Irã libera trânsito de navios paquistaneses pelo Estreito de Ormuz sob novas condições comerciais

Estreito de Ormuz

O governo do Irã estabeleceu um novo acordo para flexibilizar a navegação no Estreito de Ormuz, permitindo a passagem de 20 embarcações com bandeira do Paquistão. Segundo o ministro das Relações Exteriores paquistanês, Ishaq Dar, a autorização prevê o trânsito controlado de dois navios por dia através da região estratégica. Essa medida ocorre em um momento de tensões elevadas, onde a Guarda Revolucionária Iraniana tem monitorado e restringido o fluxo marítimo desde o início do conflito envolvendo os Estados Unidos e Israel, iniciado em 28 de fevereiro.

A via marítima em questão desempenha um papel fundamental na economia global, sendo responsável pelo escoamento de aproximadamente 20% de todo o petróleo comercializado no mundo. Relatos divulgados pela CNN Internacional indicam que, para assegurar o controle da área, forças iranianas chegaram a utilizar minas subaquáticas e ataques com drones kamikaze contra embarcações para inviabilizar o tráfego não autorizado. Embora a rota tenha sofrido bloqueios severos nos últimos meses, navios de nações consideradas aliadas ou com relações diplomáticas estáveis com Teerã já haviam recebido permissões pontuais para navegar anteriormente.

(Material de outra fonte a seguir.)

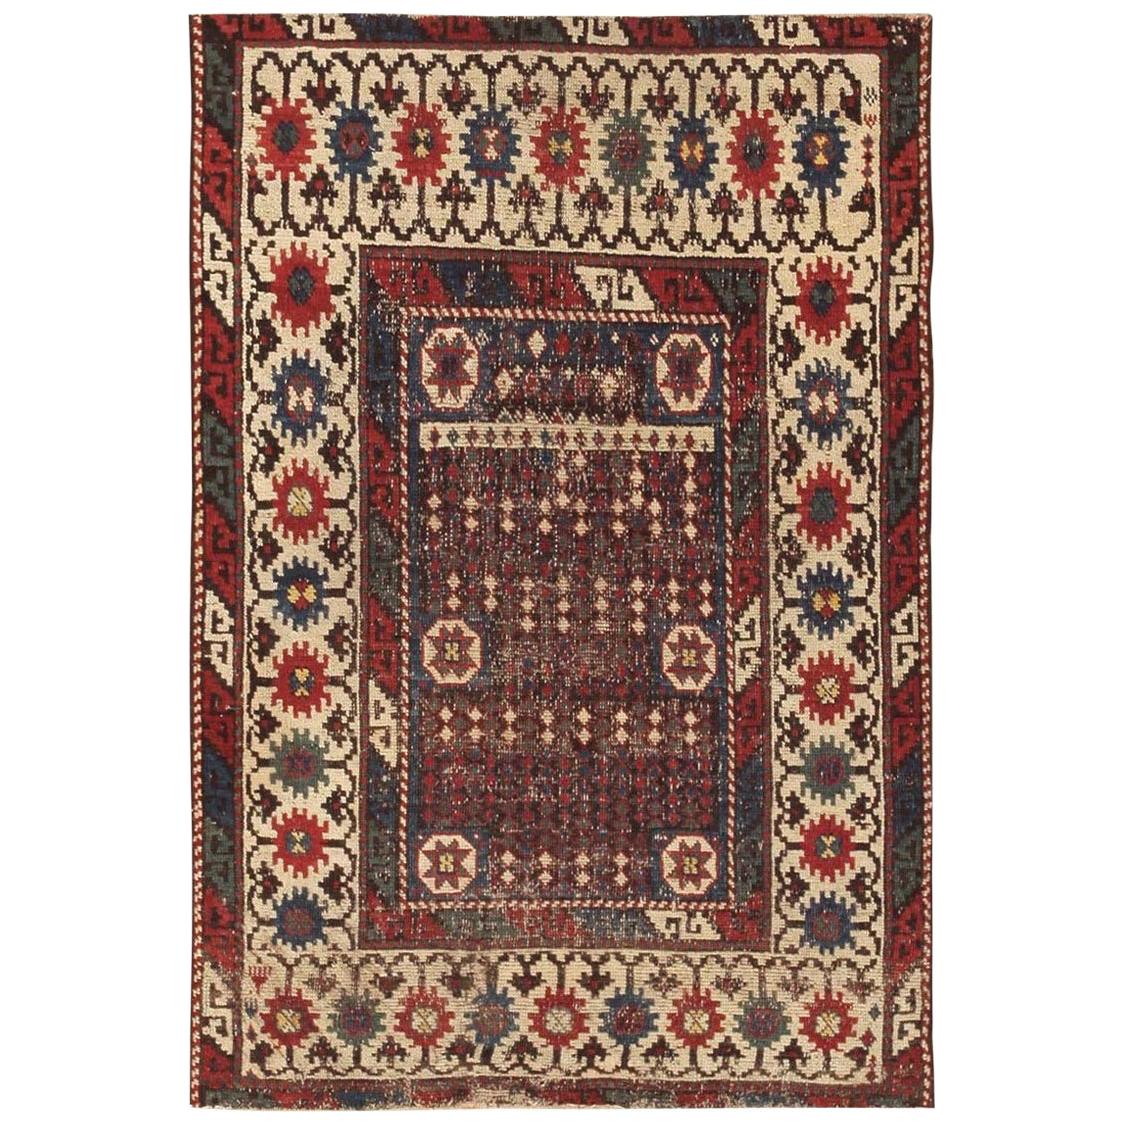 Antiker kaukasischer Avar-Teppich. Größe: 2' 7" x 3' 10"

Como parte de sua estratégia geopolítica e econômica, o Irã sinalizou a possibilidade de uma abertura mais ampla do Estreito de Ormuz, desde que as negociações comerciais sejam realizadas em yuan chinês. Essa exigência se alinha aos interesses da China, que busca ampliar a internacionalização de sua moeda no mercado de commodities, especialmente no setor de energia. A movimentação reflete uma tentativa de Pequim de consolidar o yuan como alternativa ao dólar em transações de petróleo, uma prática que o país também busca implementar em outros acordos de grande escala no Oriente Médio.